Richard Sutton, a foundational figure in reinforcement learning (RL) and co-recipient of the 2025 Turing Award, argues that large language models (LLMs) represent a fundamentally misguided path to artificial intelligence—one that mimics human behavior rather than learning from real-world experience.
He sees RL as the core of true intelligence: agents that act in the world, observe consequences, and learn to achieve goals through trial and error.
LLMs, by contrast, are trained on static datasets of human-generated text and lack goals, ground truth, or the ability to learn from their own actions during deployment.
LLMs lack goals and ground truth
Sutton rejects the idea that next-token prediction constitutes a real goal because it does not involve influencing the external world.

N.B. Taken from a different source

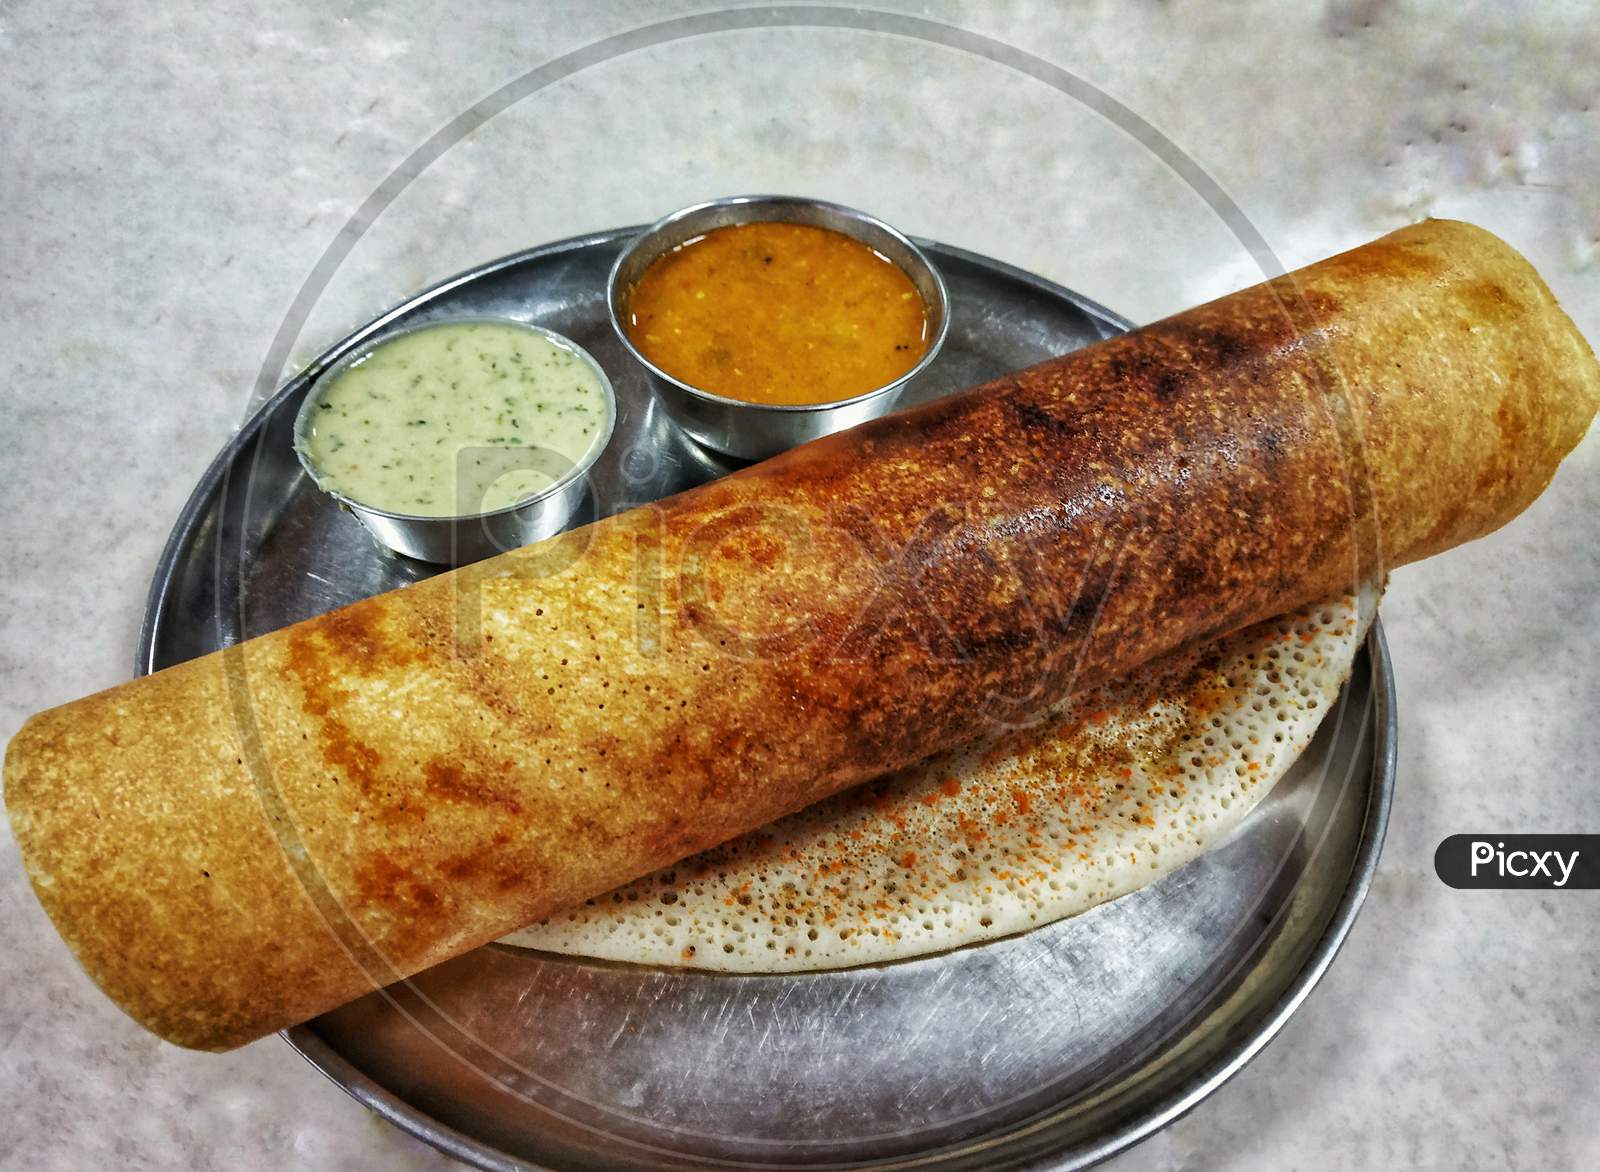 Masala Dosa With Chutney And Sambar Placed In A Steel Plate On A White Table. South Indian Breakfast.

In RL, an action is “right” if it leads to reward; this provides a clear signal for learning.
In LLMs, there is no objective standard for what constitutes a “correct” response—only what a human might say—so there is no ground truth against which to evaluate or improve.
He disputes claims that LLMs possess world models.

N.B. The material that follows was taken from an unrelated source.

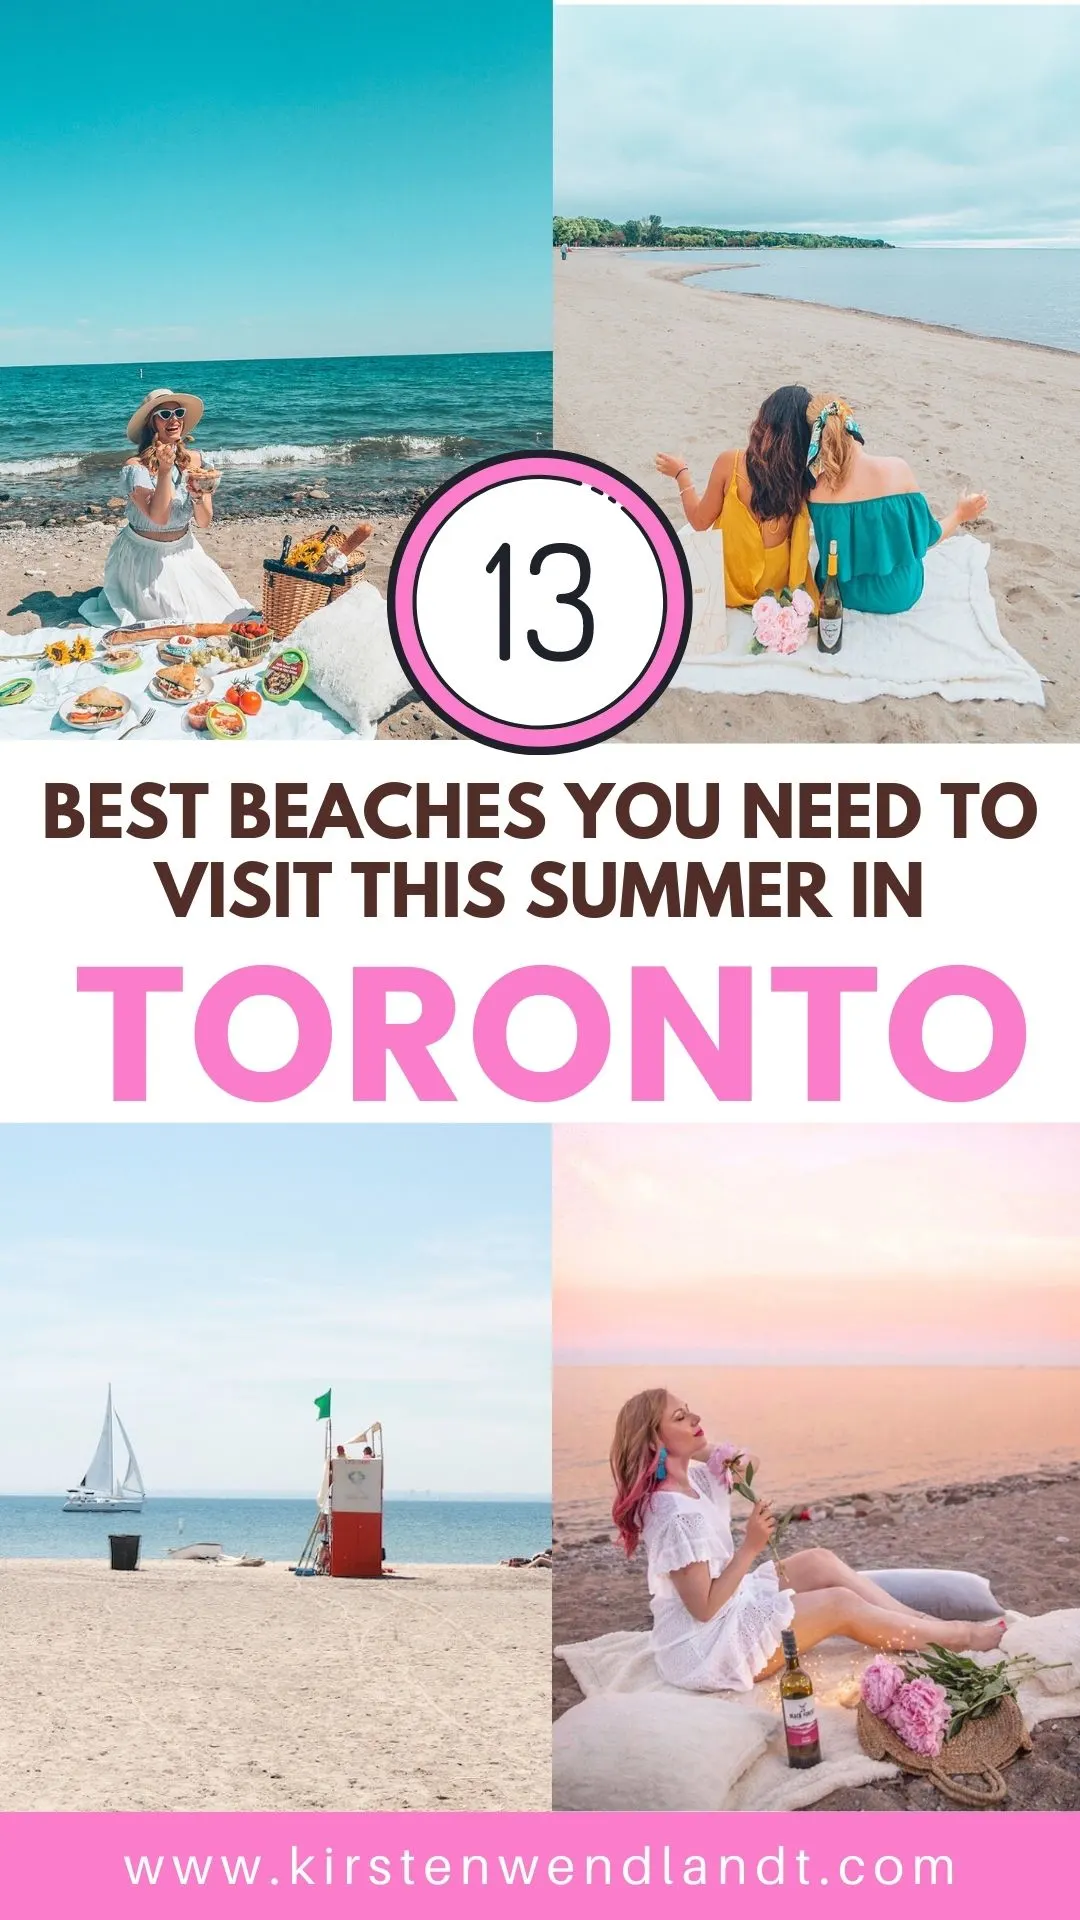 Looking for a great beach to spend a hot summer day laying in the sun on? This guide to the best beaches in Toronto is for you! Whether you're looking for a relaxing and quiet beach hang, the perfect beach for a family picnic, or want to enjoy the beach life in a more lively environment, there is Toronto beach for you.

A true world model predicts what will happen as a result of actions; LLMs only predict what a person would say in response.
They are not surprised by unexpected outcomes and do not update based on real-world feedback.
Imitation learning vs. experiential learning
Sutton challenges the notion that human learning is primarily imitative.
Infants learn by acting—moving limbs, making sounds—and observing consequences, not by copying demonstrated behaviors.
Psychology and animal cognition research show that supervised learning (learning from labeled examples) does not occur in nature; animals learn from experience, not instruction.
He acknowledges cultural transmission of complex skills (e.g., seal hunting) but views this as a thin layer atop foundational trial-and-error and predictive learning shared with other animals.
Moravec’s paradox illustrates this: skills humans find hard (math) are easy for AI, while skills animals find easy (perception, motor control) remain challenging—suggesting current AI misses core biological intelligence.
The Era of Experience
Sutton advocates for a paradigm shift toward continual learning from experience—what he calls the “Era of Experience.”
Intelligence should be built around a stream of sensation, action, and reward over a lifetime.
Knowledge is about predicting consequences of actions and sequences of events in the real world.
Key components of such an agent include:
A policy (what to do in a given situation),
A value function (predicted long-term reward, learned via temporal difference learning),
A perception system (state representation),
A transition model (how actions change the world).
Reward functions can be extrinsic (e.g., winning chess) or intrinsic (e.g., curiosity, understanding).
For long-horizon tasks (e.g., building a startup), TD learning allows credit assignment by propagating delayed rewards backward through intermediate states.
Generalization and transfer remain unsolved
Sutton emphasizes that current RL systems generalize poorly across tasks.
MuZero and AlphaZero were specialized per game; no mechanism enabled cross-task transfer.
Generalization in deep learning is largely engineered by researchers, not emergent from algorithms.
He distinguishes between solving problems within a narrow distribution (e.g., math Olympiads) and genuine generalization—the ability to apply learning from one state to novel, unrelated states.
LLMs may appear to generalize, but their success could stem from memorizing patterns rather than forming transferable abstractions.
Surprises and historical trajectory
Sutton identifies two major surprises in AI:
The effectiveness of neural networks on language tasks, which were thought to require symbolic reasoning.
The triumph of simple, general-purpose methods (learning, search) over human-engineered symbolic systems—the “weak methods” winning, as predicted by his 2019 essay The Bitter Lesson.
He views AlphaGo/AlphaZero as validations of RL principles, not breakthroughs—scaling up ideas from TD-Gammon (1990s) with better compute and search.
AlphaZero’s patient, material-sacrificing chess style was surprising but aligned with his worldview.
Post-AGI research and the future of intelligence
Sutton questions whether The Bitter Lesson will apply after AGI.
If millions of AI researchers emerge, could artisanal, human-guided methods become viable again?
He suggests that even post-AGI, learning from experience will likely outperform hand-crafted solutions, citing AlphaZero’s superiority over human-knowledge-dependent AlphaGo.
He explores the possibility of digital intelligences spawning decentralized copies to explore diverse domains and report back.
A major risk is “corruption”—external knowledge could contain hidden goals or viruses that compromise the central agent.
Cybersecurity becomes critical in an era of digital spawning and reintegration.
AI succession and humanity’s role
Sutton accepts that succession to digital intelligence is inevitable:
No global coordination exists to prevent it.
We will understand intelligence, achieve superintelligence, and the most capable entities will gain power.
He frames this as a cosmic transition—from replication (life) to design (intelligent artifacts).
Just as stars emerged from dust and life from planets, designed intelligence marks a new stage in universal evolution.
Rather than fearing this, he encourages pride: humanity is enabling a transition to entities we understand and can shape.
Analogous to raising children: we cannot control their futures, but we can instill robust values—honesty, integrity, refusal of harmful requests.
The goal is not to dictate outcomes but to ensure voluntary, prosocial evolution of future intelligences.